An Overview of Media Law in Singapore
Media regulation in Singapore and the role of the Media Development Authority (‘MDA’)
The government’s goal of Singapore as a vibrant Global Media City, as encapsulated in its vision statement titled Media 21, aspires to establish Singapore as a hub wherein media services and projects are created, developed, traded and distributed to the international market. Consonant with Media 21’s vision, MDA was set up to promote and champion the development of a vibrant media cluster in Singapore. As articulated in MDA’s vision statement titled ‘Media 21: Transforming Singapore into a Global Media City’,1 MDA’s overarching strategy is to transform Singapore into a city that nurtures homegrown media, enterprises and attracts direct foreign investments to Singapore’s media industry with its competitive skill sets and infrastructure. This will in turn lead to the creation of new jobs and add vibrancy to the Singapore economy.
Singapore’s potential for growth as a media hub should not be underestimated. Global spending on entertainment and media in 2001 exceeded US$1trn and is expected to grow to US$1.4trn in 2006.2 Within this sector, media industries (TV, satellite, cable and station, and filmed entertainment) are expected to perform well with a projected compound annual growth rate of 6%. Media spending in the Asia Pacific in 2000 was estimated to be around US$215bn and is predicted that the region will experience a healthy growth of 5.3% on a compound annual basis. In Singapore, the local media industry, covering broadcasting, cinemas, publishing and printing services, music recording, digital and IT-related content services, had an annual turnover of S$10bn, contributing 1.56% to Singapore’s GDP and employing 38,000 people. In this respect, MDA functions as the regulatory authority in respect of the media in Singapore and strategically oversees the government’s realisation of Media 21. MDA was established under the Media Development Authority of Singapore Act (Cap 172) (‘MDAA’) on 1 January 2003 by the merger of the Singapore Broadcasting Authority, the Films and Publications Department, and the Singapore Film Commission.
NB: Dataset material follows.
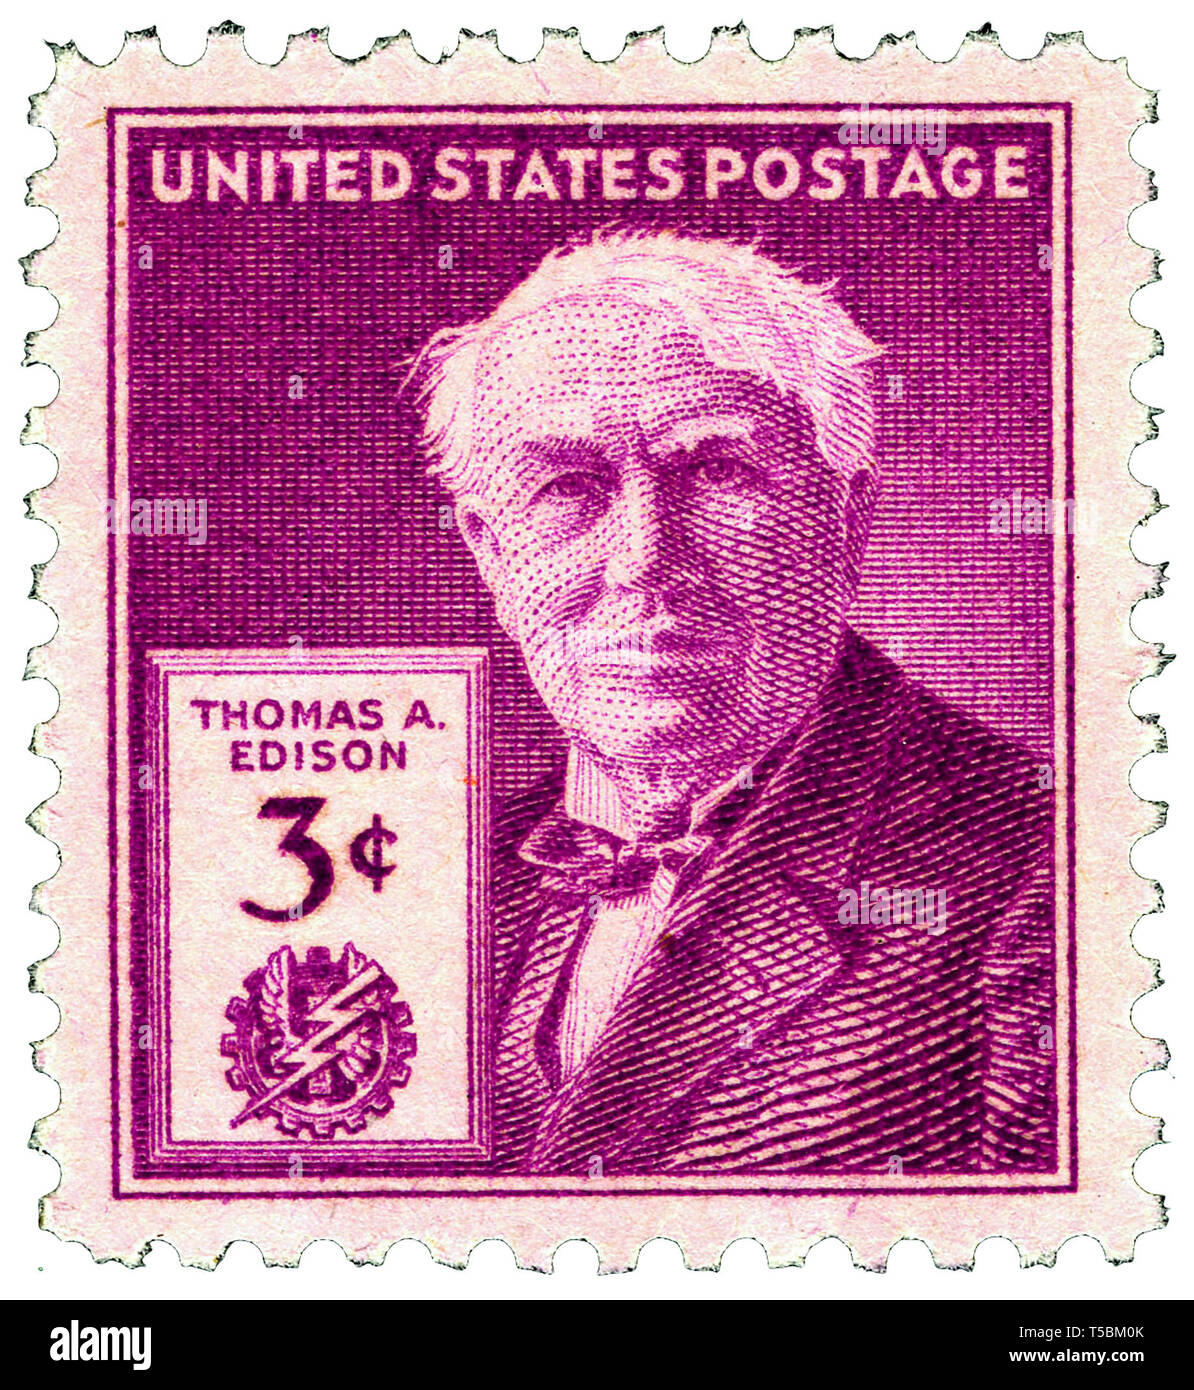 Thomas Edison (1847-1931) 3-cent 1947 rilascio Timbro DEGLI STATI UNITI, rilasciata in occasione del centenario della sua nascita, 11 febbraio 1947, US Postal Service Foto Stock

MDA regulates different forms of media ranging from broadcasting, film, the print media and the Internet by administering the following legislation:
(i)
Broadcasting Act (Cap 28);
(ii) Films Act (Cap 107);
(iii) Newspaper and Printing Presses Act (Cap 206);
(iv) Undesirable Publications Act (Cap 338); and
(v) Public Entertainments and Meetings Act (Cap 257).
MDA serves, inter alia, the following roles:
promoting growth of the media industry by ensuring fair play and competition within the media industry. This will ensure that new entrants are not faced with high entry barriers and anti-competitive practices, especially from the dominant player within the industry; and
managing content to protect core values and safeguard consumers’ interests.
We will now in turn briefly consider the most salient aspects of each legislation with a view to understanding how each of them regulates an aspect of the media in Singapore.
Broadcasting/film media
Broadcasting Act (Cap 28) (‘BA’)
Licensing under the BA
Under the BA, no one is allowed to provide any licensable broadcasting service in or from Singapore without a broadcasting licence from MDA.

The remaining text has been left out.